Site-specific recombination catalysed by the integrase, IntI, causes gene cassettes to be inserted either at attI or attC sites. Successive rounds of recombination can introduce new cassettes and so generate tandem cassette arrays adjacent to the integron. In addition, repeated recombination may also rearrange cassettes within an array. Cassette arrays can vary in length from lone integrons and the typically short (1-8 cassettes) antibiotic resistant arrays seen associated with class 1 integrons, to over 200 tandem cassettes in a single array seen in the vibrio [9, 10].

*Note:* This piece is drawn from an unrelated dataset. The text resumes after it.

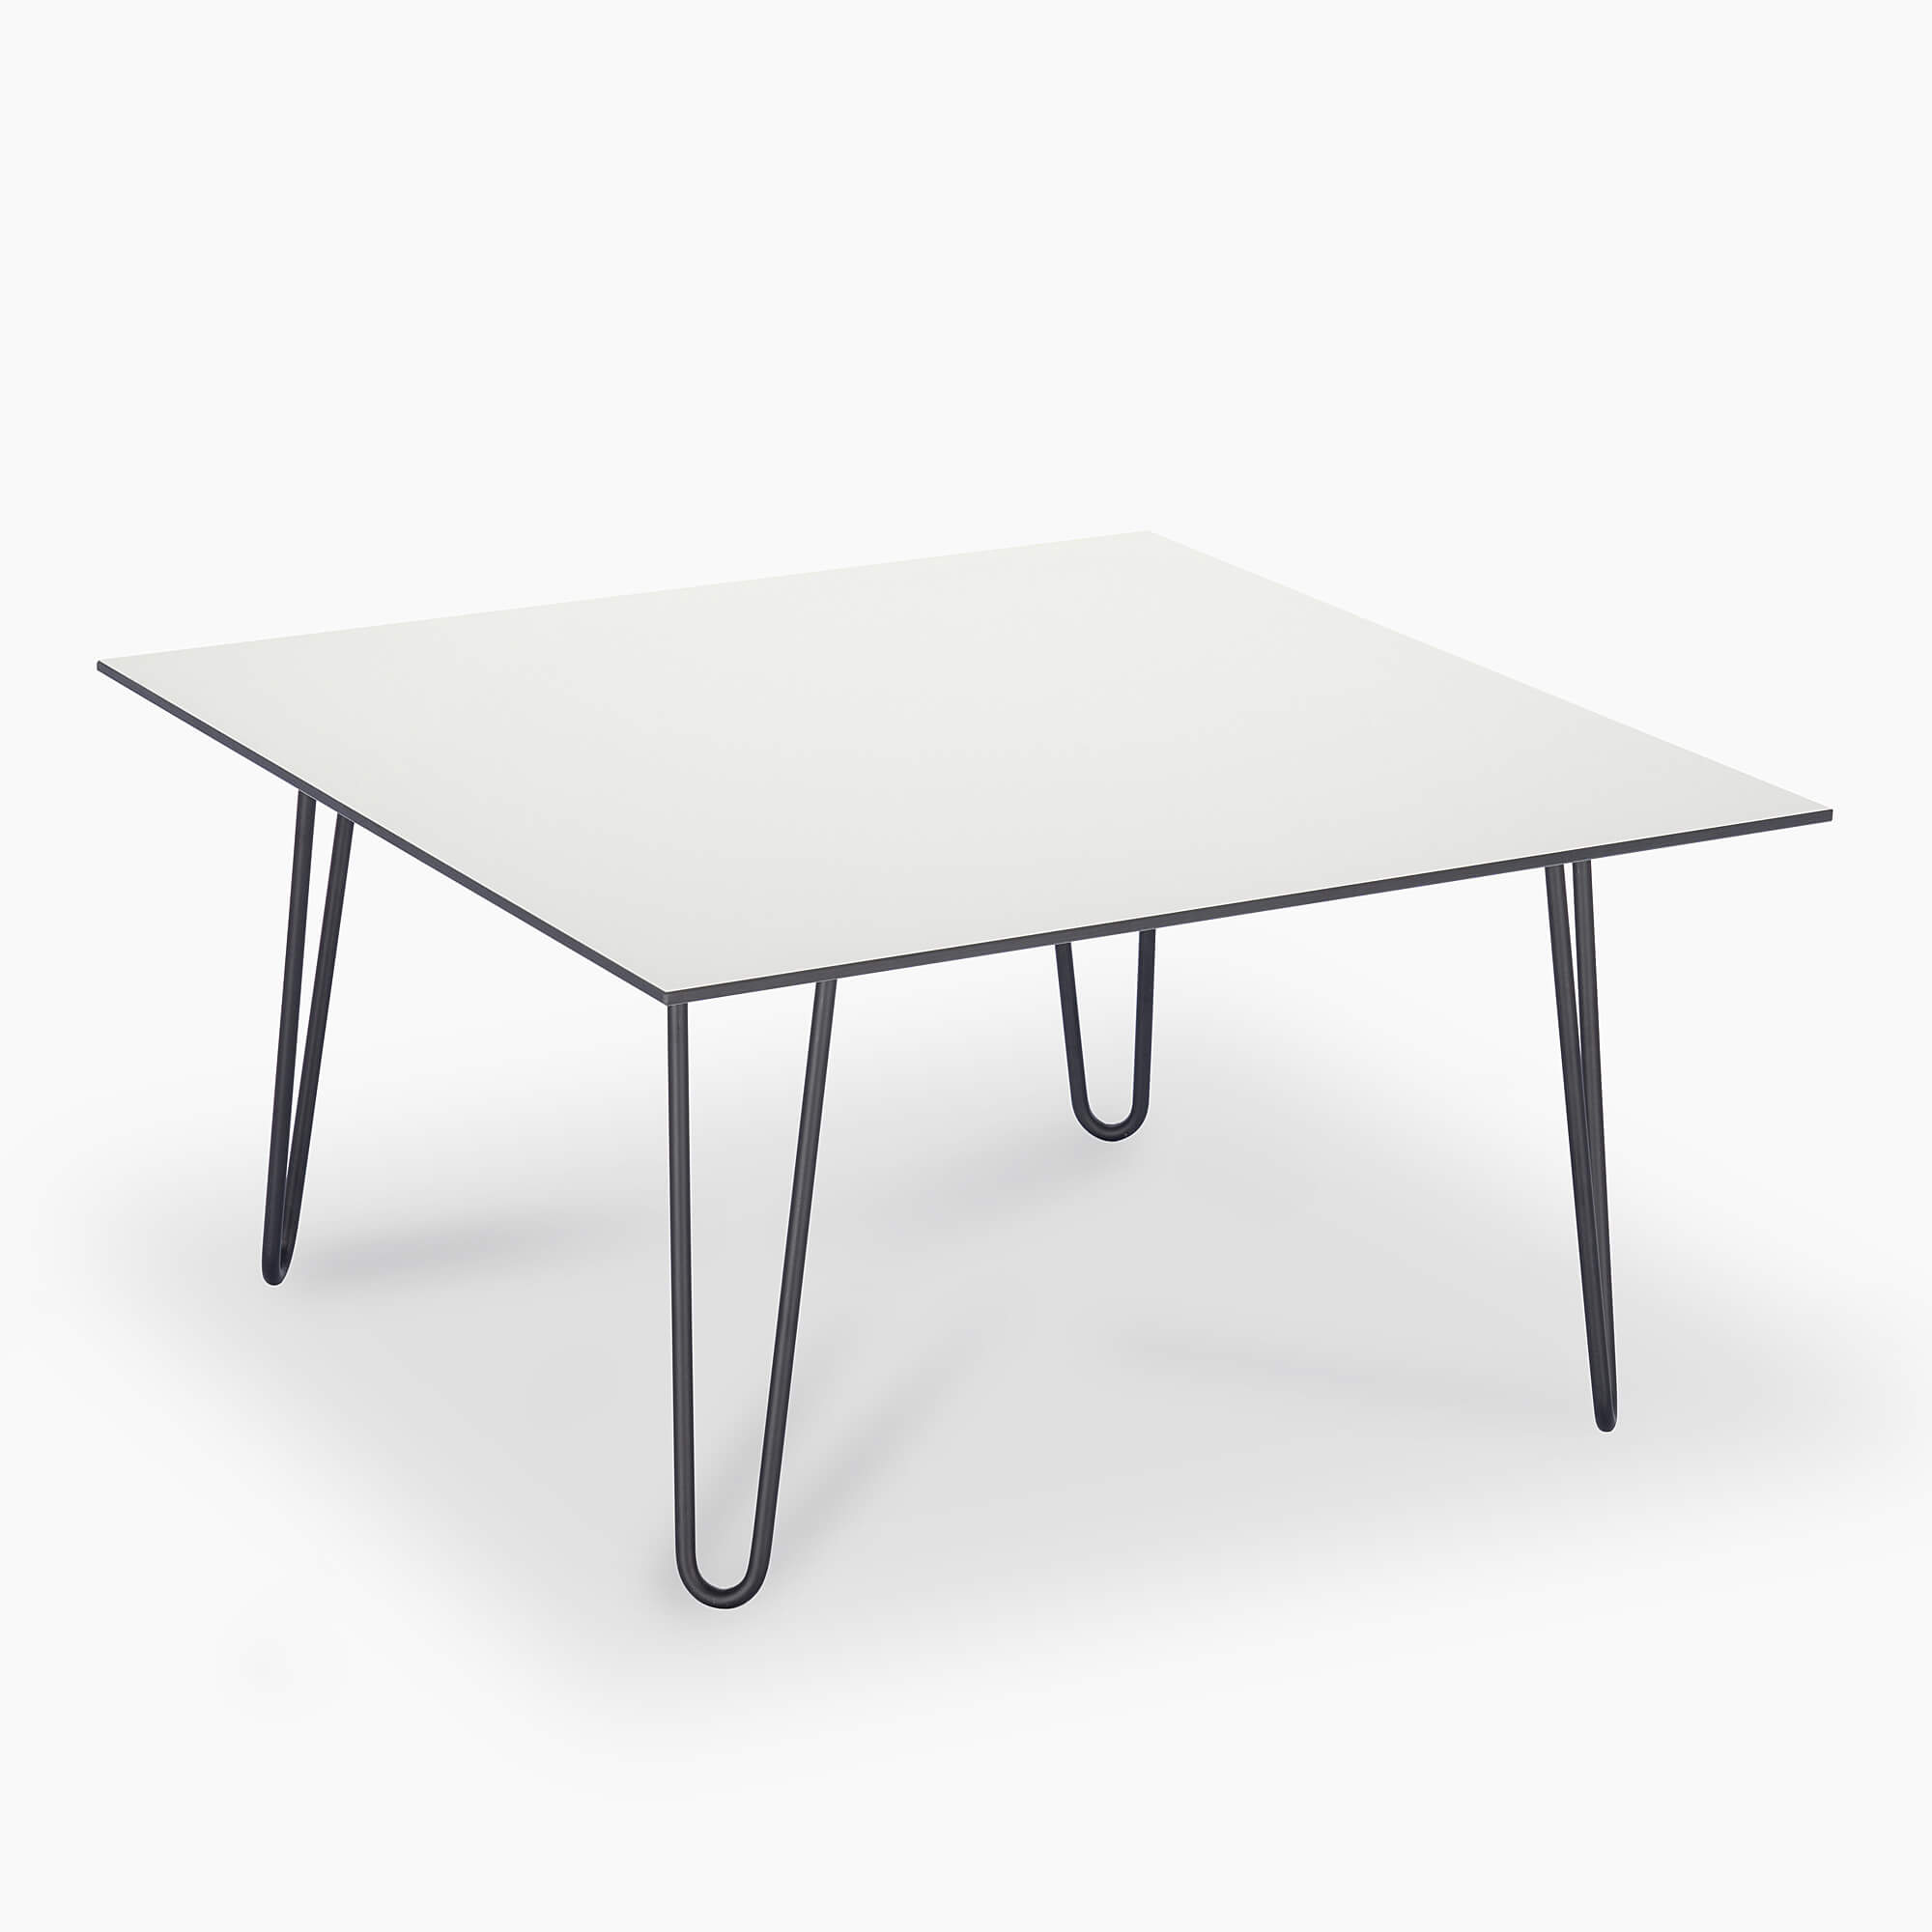 Square-white-coffee-table-80x80cm-black-metal-legs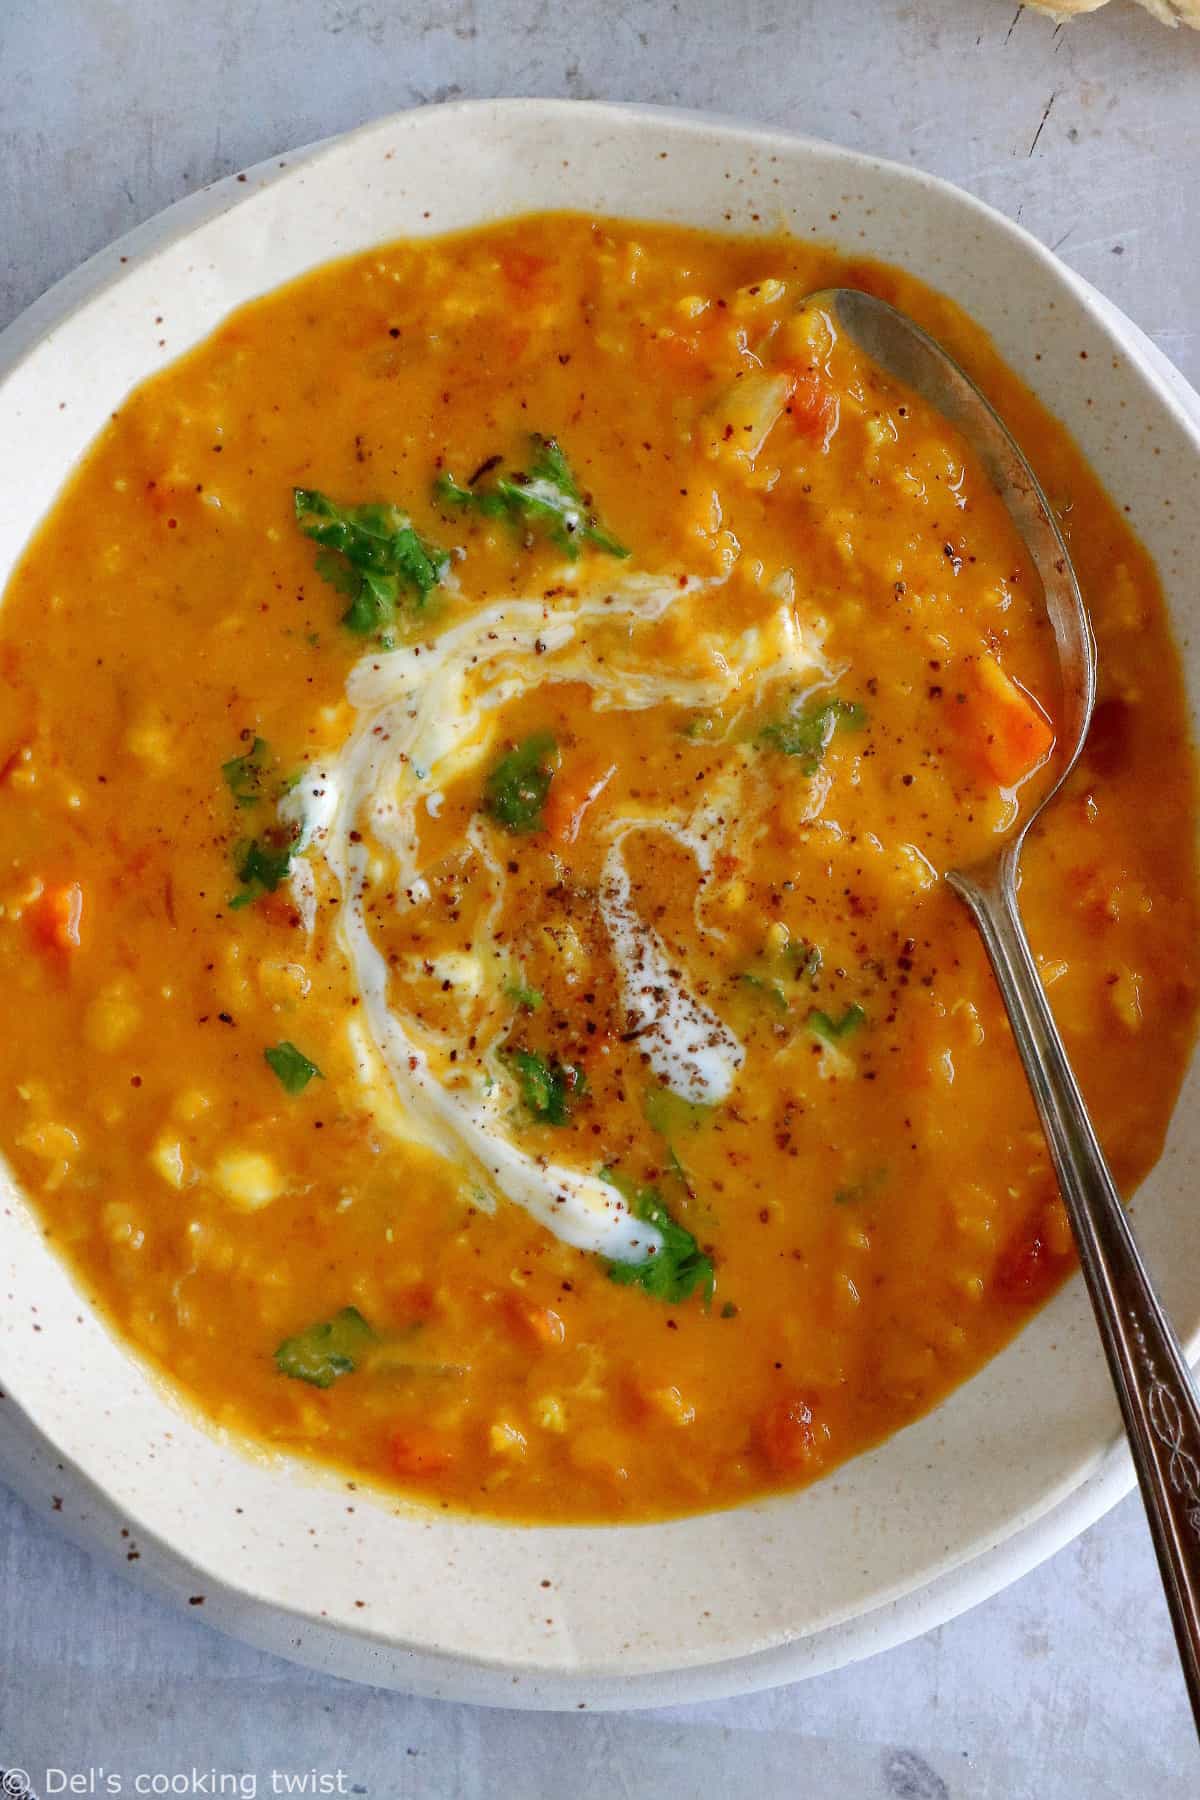 Plongez dans les saveurs douces et réconfortantes de cette soupe de pois cassés et lentilles corail au curry.

Class 1 integrons were initially characterised through the antibiotic resistance phenotypes conferred through the expression of cassette-associated genes. The expression of these genes has been shown to be due to the integron associated Pc . However, it is very unlikely that Pc could mediate the expression of all cassettes present in arrays containing significantly more than the 7-10 cassettes typically seen in class 1 integrons, due to the extreme length of the mRNA transcript required. Therefore, Pc mediated expression alone may not account for the selective advantage provided by the presence of large gene cassette arrays containing hundreds of cassettes. It has been hypothesised that in such large arrays, only those cassettes proximal to the integron are expressed, and that the remainder of cassettes in the array are 'banked', forming an accessible population resource of mobile genes . This hypothesis may be supported by the observation that under stress, the integrase gene intI, is up-regulated . Such increased integrase activity could not only introduce or excise cassettes from the array, but also rearrange existing cassettes, so bringing previously distal cassettes closer to Pc and hence facilitating their expression. We however, speculated that cassettes throughout large arrays were generally expressed through the presence of promoters within the array as suggested by micro-array data .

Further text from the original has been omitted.